Early intranet adoption hinges on your ability to communicate the launch of your intranet. This article explains the key considerations and sequenced steps involved in creating a comprehensive communications plan for your intranet project.
“Project management isn’t about charts, graphs, and statistics — it’s about communication”. When I first read this definition for “project management” (in the book Getting Real by 37Signals), it resonated with me. So many problems in large projects come down to issues of communication — a lack of it, not doing it with the right people, not doing it clearly.
There is added communications complexity when doing an intranet project because a large number of people are impacted by the project — often your entire company. These people have a diverse array of jobs, perspectives and competing priorities. So how do you get a broad array of people with too much other stuff on their minds to remember the details of your intranet project, feel involved in the process, and complete their relevant tasks? Good communication. And lots of it.
The following framework for creating an intranet project communications plan can help create a smoother path and ultimately higher adoption and engagement.
Step #1: Define communications objectives
Your communications objectives should support your intranet objectives (see Step 1 to a New Intranet: Determining Business Objectives). Communication objectives usually seek to create awareness, establish needs, change attitudes or drive actions. Review your intranet objectives and determine what knowledge, attitudes, and actions will help get you there. Contemplate what might prevent you from achieving your intranet objectives and how communications can help you overcome these barriers.
For example, our client Penn State wanted to help employees connect and relate better to their peers. They set an objective to create awareness about the new employee directory features. Their launch campaign included posters with fun facts employees could learn about their peers using the new directory features.
Another example is LPK, a design consultancy. Their previous intranet was hard to use and infrequently updated. Therefore, employees had developed negative sentiment towards their intranet. They set out to change employee attitudes and developed a “Who Killed the Wiki?” thriller-style launch video to celebrate the destruction of their old intranet and to break down old attitudes.
Step #2: Define your audiences
Would you give the same intranet presentation to executives as you would to new employees? (Hopefully you answered “no.”) Your colleagues will need different information about the intranet project depending on their roles and responsibilities.

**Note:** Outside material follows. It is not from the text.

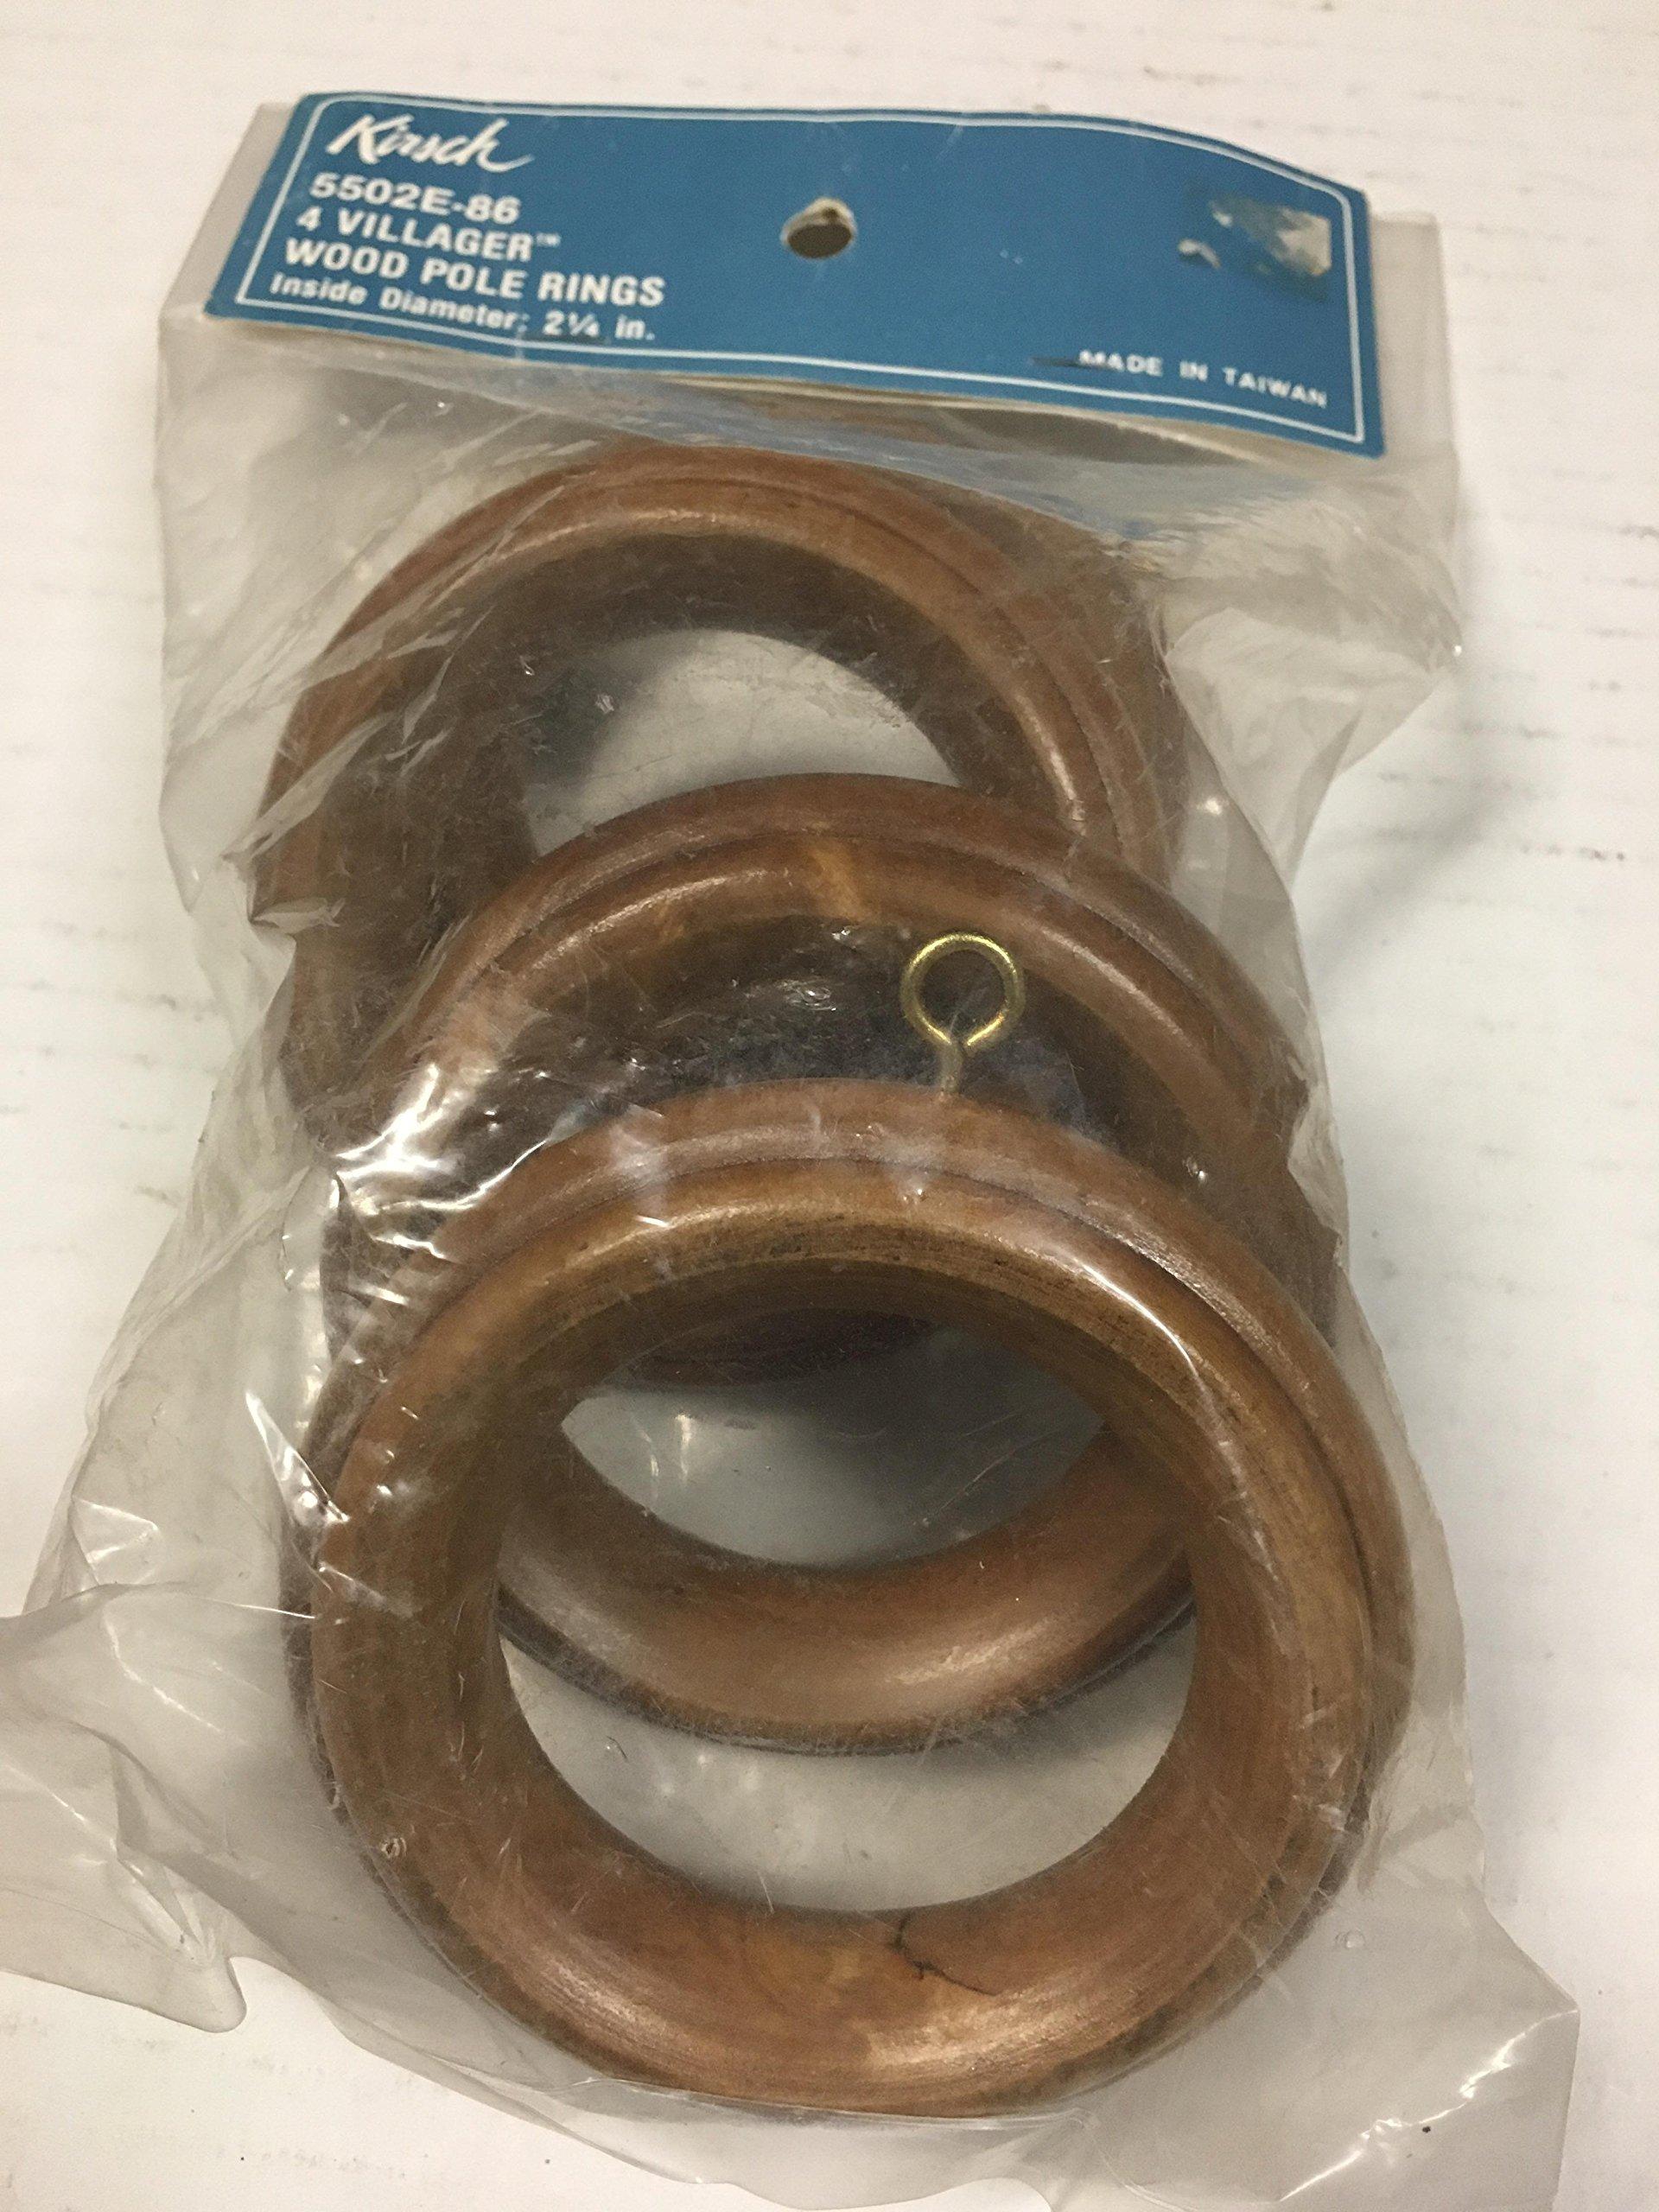 Kirsch 5502E-86, 4 villager wood pole rings diameter 2 1/4''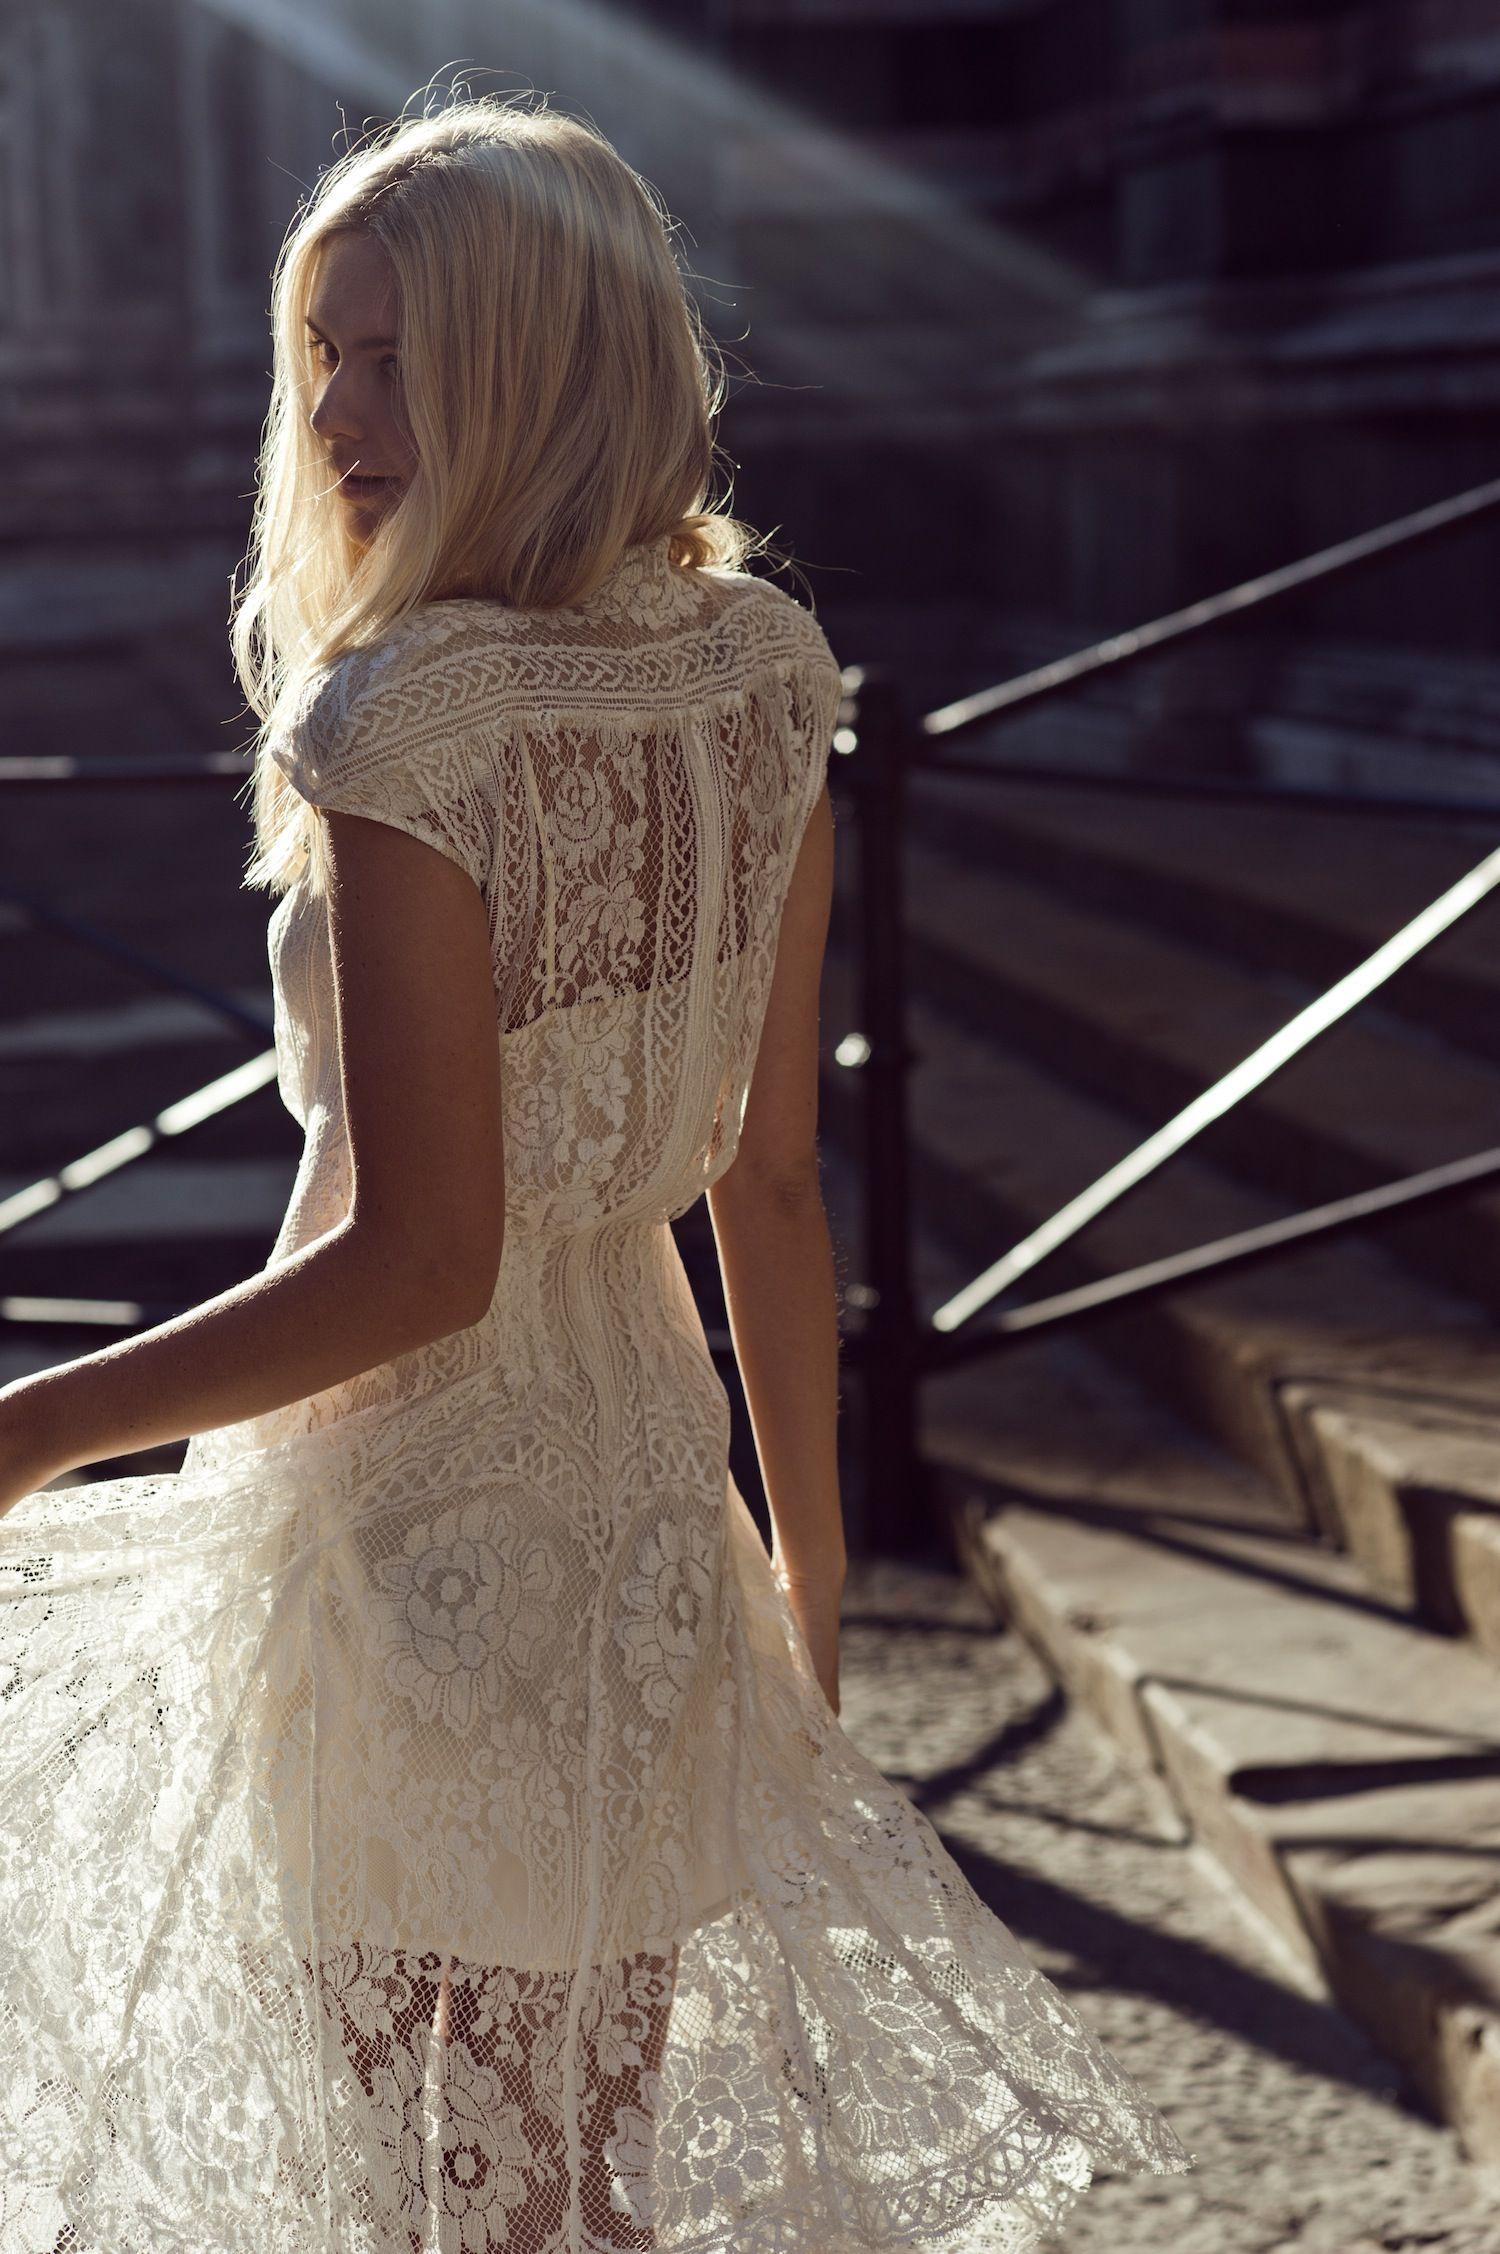 Casual hippie wedding dresses  via luespoir    p e r f e c t l y p r e t t y   Pinterest

To get started in defining your audience, brainstorm a list of all the different groups of employees that will somehow be involved in the intranet. List out:
- What are the different groups?
- What is each group’s role in the intranet project?
- What is the purpose of communicating with each group?
These basic questions will help you differentiate between very different types of audiences and their varied information needs.
Common intranet audiences include:
- Executive sponsors
- Your boss
- Your team
- Project team
- Stakeholders (often starting with heads of the IT, HR and Finance departments)
- Content owners (for centralized reference content and for company-wide news)
- Champions (intranet super-users who are interested in the project)
- Pilot users
- General employee body
Step #3: Identify your communicators
Next, think about who your communicators are. Who are the people who are involved in the project and who could communicate to your various audiences and through various channels?
Identifying your communicators helps in several ways. You can:
- Spread the communications burden
- Align communicators with proper audiences based on their type and amount of influence
- Increase the visibility of the intranet project
- Cultivate trust in the project as audiences hear from communicators they are connected to
- Create early intranet champions that will act as role-models for others in the organization
- Ensure the project isn’t just about you
Step #4: Get the thumbs up from your executive sponsor
Make sure your communications convey the expected value that the executive sponsor is aiming for. Start by explaining the process you’ve gone through (steps 1 to 3) to create the communications plan. Make sure to discuss the goals and purpose of the new intranet, the value they see in the project, and the core messages that different audiences will need to hear. Then, discuss next steps and gather their input. Having 100% buy-in from your executive sponsor ensures they will champion the program to the executive team and continue to support the project.
Step #5: Identify key moments
The goal of this step is to map out major milestones in the project when audiences need to be informed and involved. This requires identifying important moments and mapping each one to the relevant audiences, messages, communicators and mediums. You can use a spreadsheet similar to this:
|Contest to name the new intranet||All staff||“We need your help”||Executive Sponsor|
|Content migration / barnraising||Content owners||“We need your help”||Project lead|
|Power user training||Champions||“Meet your new intranet”||Project lead|
Here are the basic steps to filling in your communications plan:
- Review the intranet project plan and make a list of important milestones or moments
- For each one, list which of your audiences should be communicated with
- For each audience, define the core message of that communications moment along with:
- Who should communicate with that audience
- The medium/channel best suited to that message and audience
Once you’ve completed this step you’ll have your basic communications plan, but don’t assume it’ll stay static. You’ll likely need to review and update the plan on a regular basis. However, by having it well thought out and documented you’ll be at an excellent starting point.